Our framework and criteria span multiple evidence types and target users, from fundamental research up to trials and, though focused on clinicians, can be relevant to researchers and decision-makers. FrACAS proposes six relatively orthogonal criteria and does not reduce them to one or two dimensions to summarize the strength or certainty of evidence [82]. FrACAS can be used as a checklist to diagnose which study design elements should be addressed for a study to change practice. Clinical translation can and does occur in the absence of one or many criteria, but we believe that careful analysis would reveal that missing criteria are assumed. We believe that the conciseness of our framework and checklist will help clinicians and trainees appraise and discuss study findings in daily practice.
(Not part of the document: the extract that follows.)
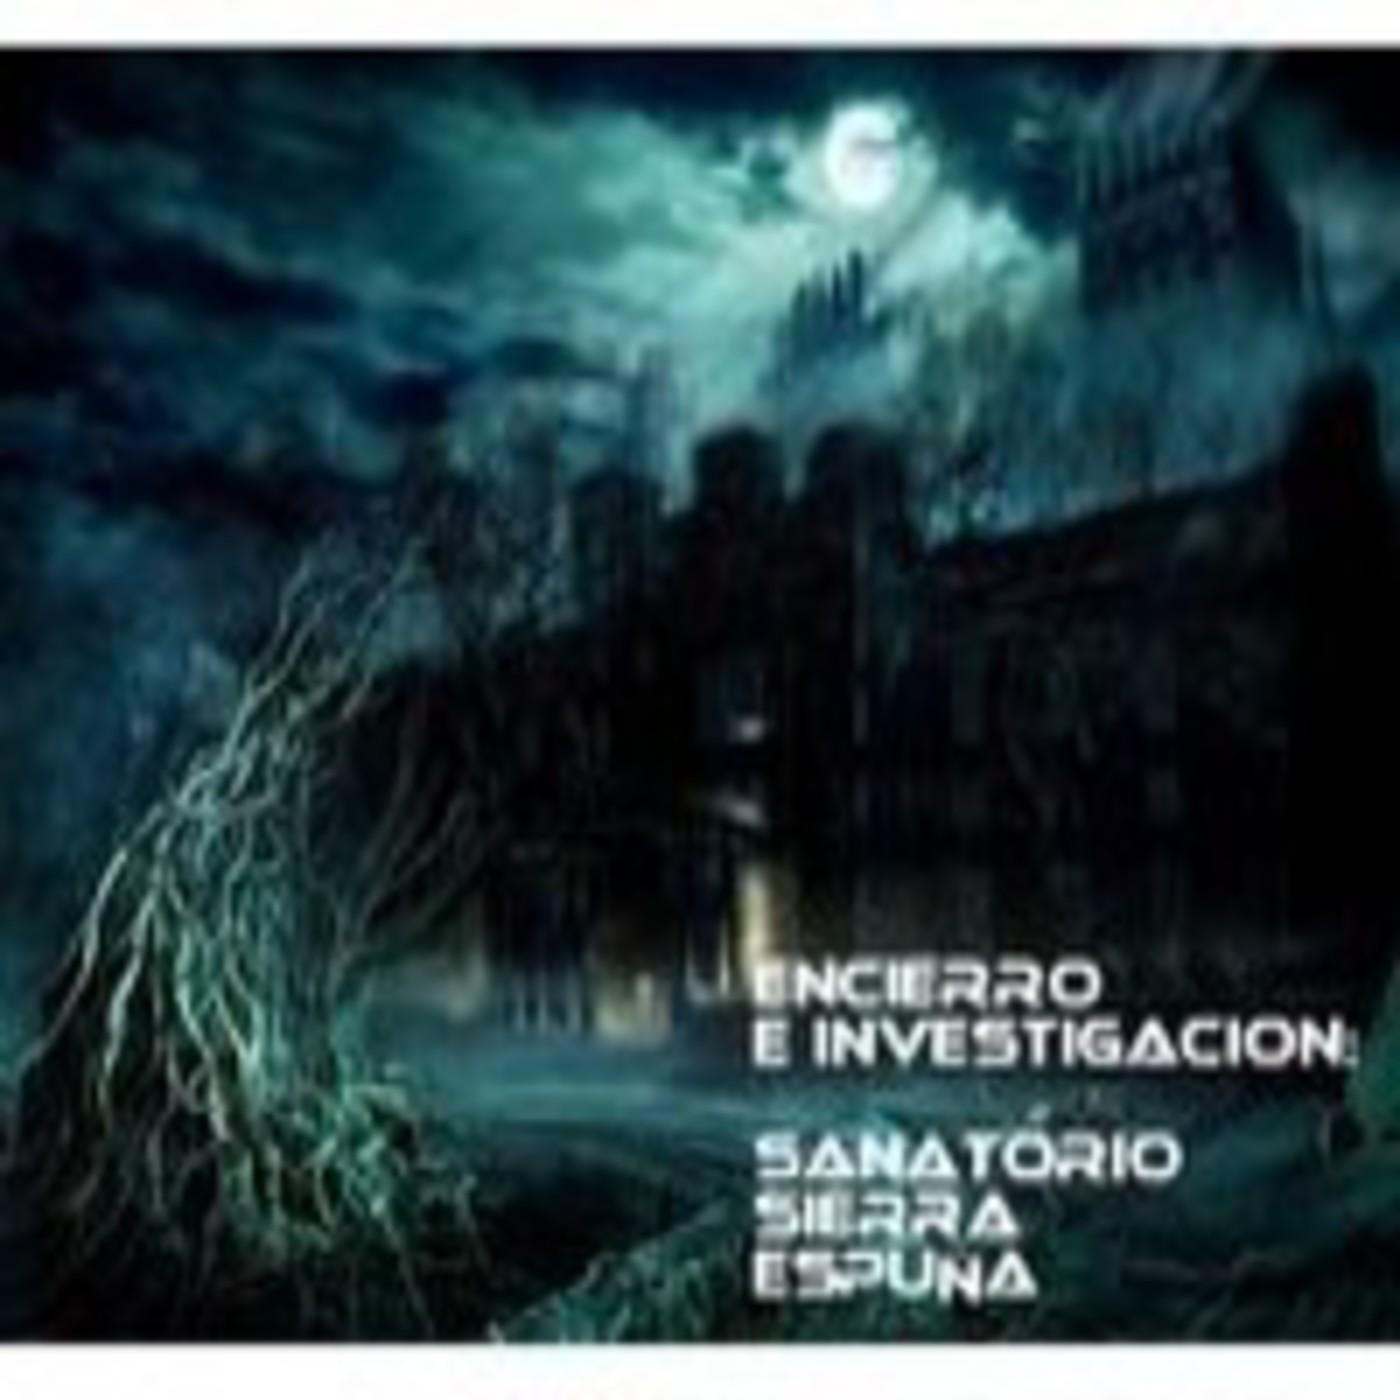 Encierro e Investigacion : El Sanatorio Sierra Espuña en Podcast ...

Finally, our framework emphasizes the highly contextual and potentially subjective nature of appraising clinical applicability. By explicitly describing study design elements and data sources to be examined for each criterion, we show that determining practice-changing status requires the consideration of an increasing number of features. Whereas classifying articles as practice informing can be based on the appraisal of the individual study in question, a practice changing classification requires consideration of the cumulative evidence base, current standard and specific practice setting. Changing practice is an interdisciplinary and concerted effort requiring both methodological and substantive expertise.

Limitations

Although we carried out a robust literature search, extraction, and synthesis process, we did not conduct a formal systematic review. Even if we used a very wide search strategy, we may have omitted applicability frameworks. Our review serves primarily as a map to compare frameworks and criteria rather than to examine their relative strengths and weaknesses [15, 16, 83,84,85]. The process of developing a conceptual framework entails some subjectivity and variability; although a formal Delphi method was not employed, we included a wide range of inputs to iterate versions of our framework (current frameworks, debates in epidemiology, multiple stakeholders, and pilot testing). This representativity and the relative overlap with existing frameworks provide face and content validity. Ultimately, the most proper test of validity and usefulness of our framework will be determined in its usage and application in the real world; further refinements may benefit from wider inclusion of patient and institutional stakeholders.

Conclusion

Frameworks appraising applicability can be classified according to the types of evidence assessed, target users, and areas of applicability (internal validity, clinical applicability, external validity, applicability at population/system level). We proposed a concise framework focusing on clinical applicability which uses six criteria to classify studies into three evidence domains: research, practice informing, or practice changing. Our framework can be used as a tool for the design, appraisal, and interpretation of epidemiological and clinical studies to improve their clinical applicability.